Using the natural numbers less than 100 only, howmany distinct (independent) pythagorean triplets can you form? Remember (0.1,1) is not allowed. Also (3,4,5) and (6,8,10) are not to be treated independent triplets. In other words only the triplets in their lowest multiple form, if distinct, are to be counted as distinct and independent triplets.

Originally posted by ranjan sinha Using the natural numbers less than 100 only, howmany distinct (independent) pythagorean triplets can you form? Remember (0.1,1) is not allowed. Also (3,4,5) and (6,8,10) are not to be treated independent triplets. In other words only the triplets in their lowest multiple form, if distinct, are to be counted as distinct and independent triplets.

There might be at least ten of them :-
(3,4,5),
(5,12,13),
(8,15,17),
(20,21,29), ....... etc..etc...

I could have used the formulas but an excel spreadsheet got me the answer quicker. It is a bit lazy of me but there again it is Christmas. Only when I use a less elegant way I feel a bit guilty about out.

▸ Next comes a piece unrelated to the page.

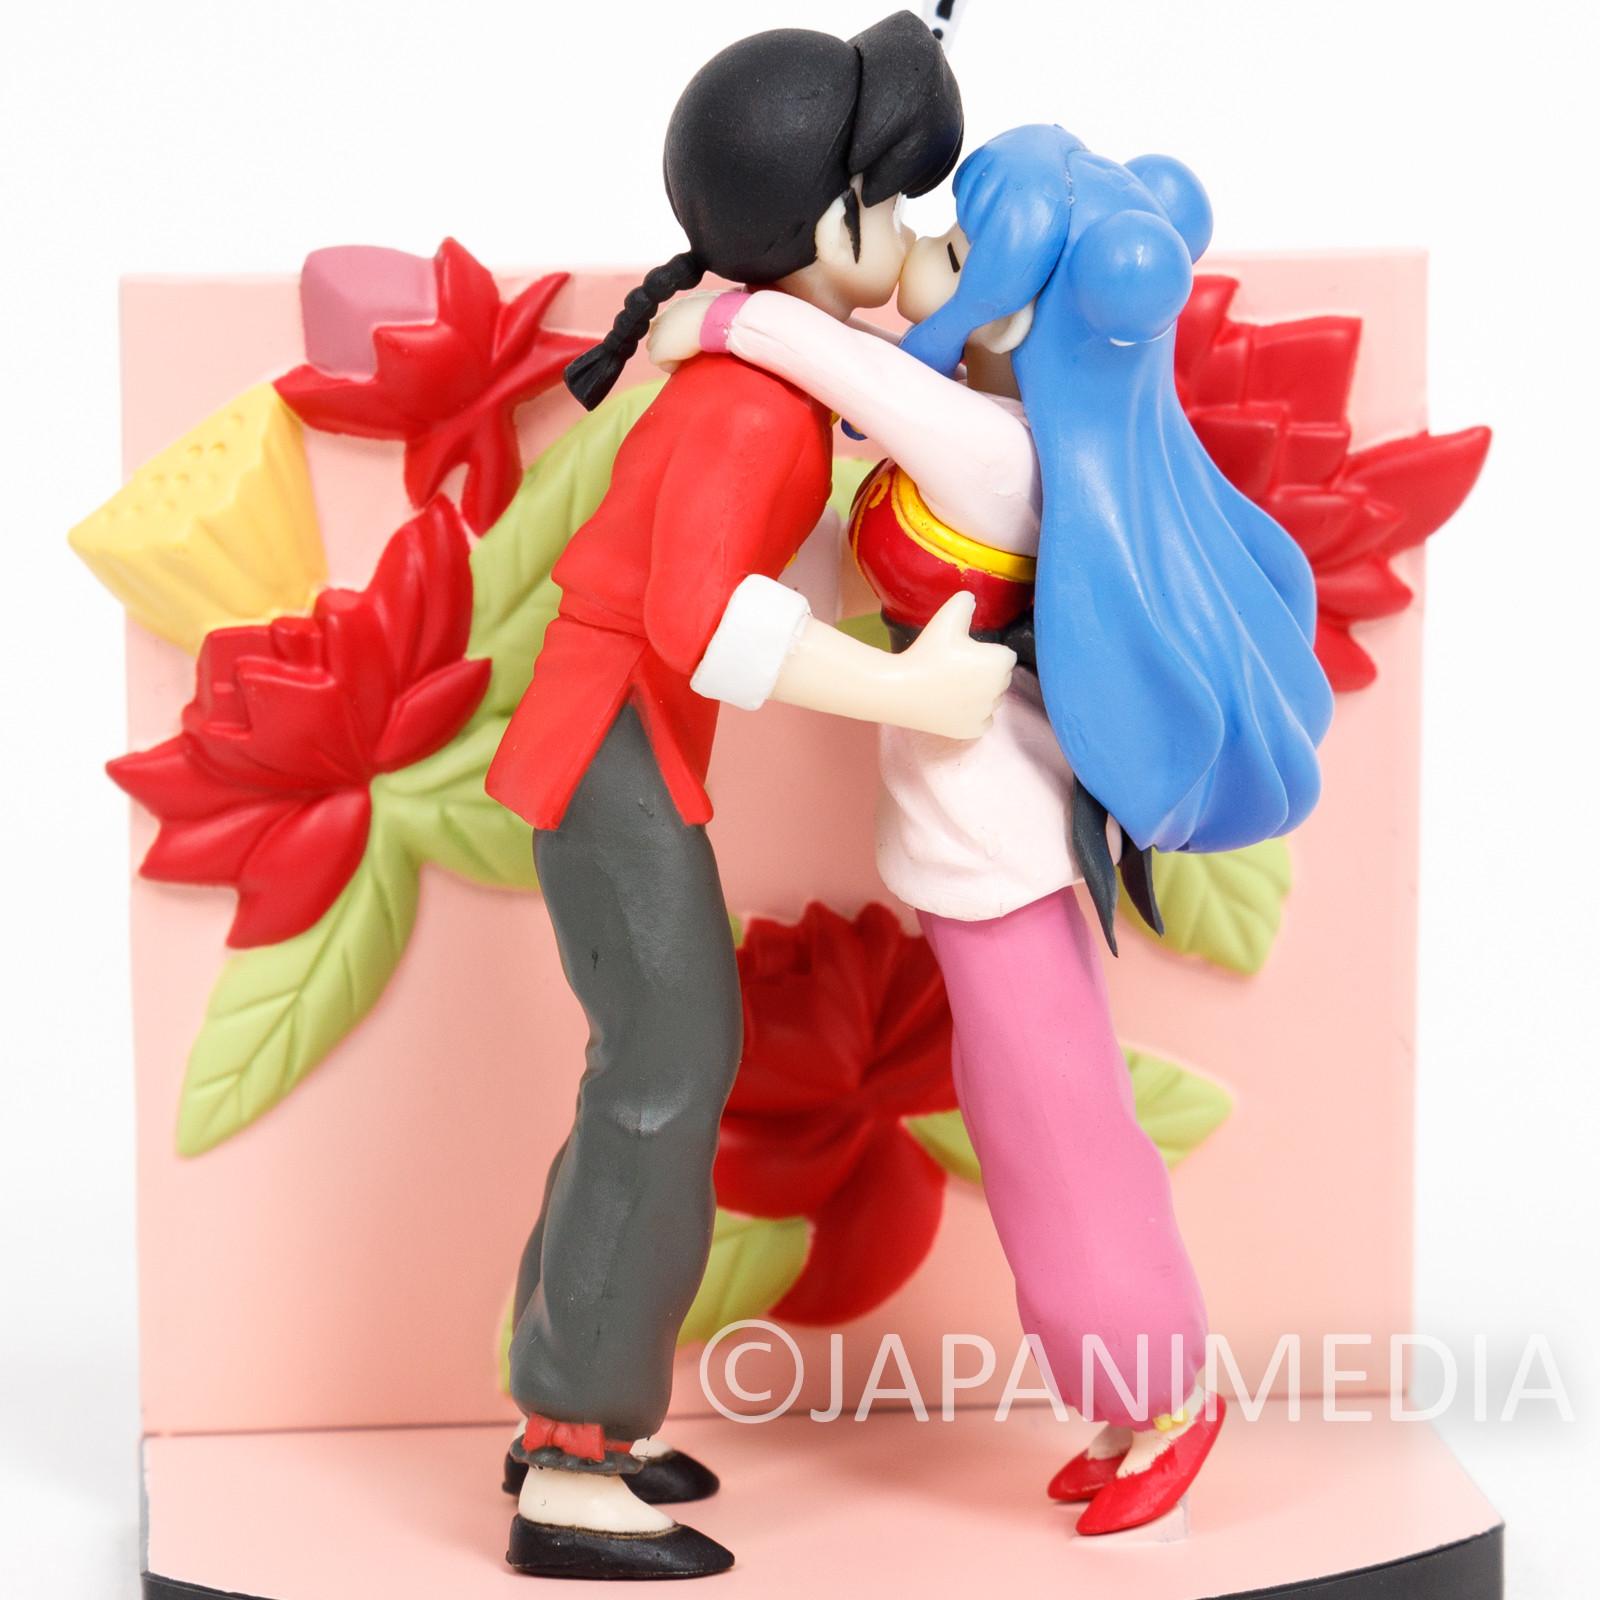 RARE! Ranma 1/2 Saotome Ranma & Shampoo Kiss Mini Diorama Figure Epoch JAPAN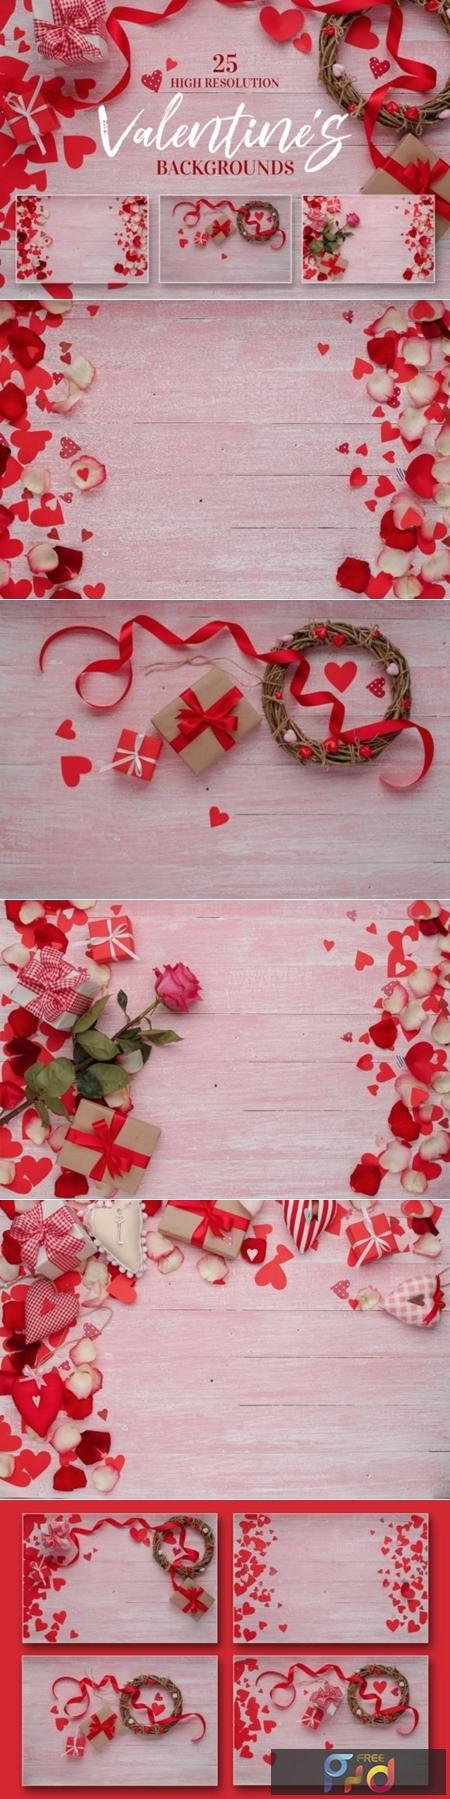 Valentines Day Love Celebration 2007508 1

Originally posted by cosmic voice There are more than 10 of them sure enough -
(7,24,25),
(9,40,41),
(33, 56,65),
(16, 63,65),
(10,24,26),
(12,35,37),...

You forget. the condition of independent triplets.
Actually . (10,24,26) is not an independent triplet. It is the same as (5,12,13)..And hence it is not to be counted as sepatete triplet.

If a and b are relatively prime AND exactly one of the two is even, you'll find a unique triplet.

I needed some time to understand, why EXACTLY ONE of the two must be even.
But finally I got it:
When a and b both are even, they are not relatively prime.
Let (2n+1) and (2m+1) be two odd numbers, then
(2n+1)^2 + (2m+1)^2 = 4( n^2+m^2 + n+m) + 2
so the sum of the squares mod 4 is 2 and can therefore be no square number.

Originally posted by afx I needed some time to understand, why EXACTLY ONE of the two must be even.
But finally I got it:
When a and b both are even, they are not relatively prime.
Let (2n+1) and (2m+1) be two odd numbers, then
(2n+1)^2 + (2m+1)^2 = 4( n^2+m^2 + n+m) + 2
so the sum of the squares mod 4 is 2 and can therefore be no square number.

If both are odd, then all three terms end up being even.

Take a=3, b=1 for example.

2*3*1 = 6
3^2 - 1^2 = 8
3^2 + 1^2 = 10

But 6-8-10 is just 3-4-5 doubled.

With either a or b even, though, two of the terms are odd, including the hypotenuse.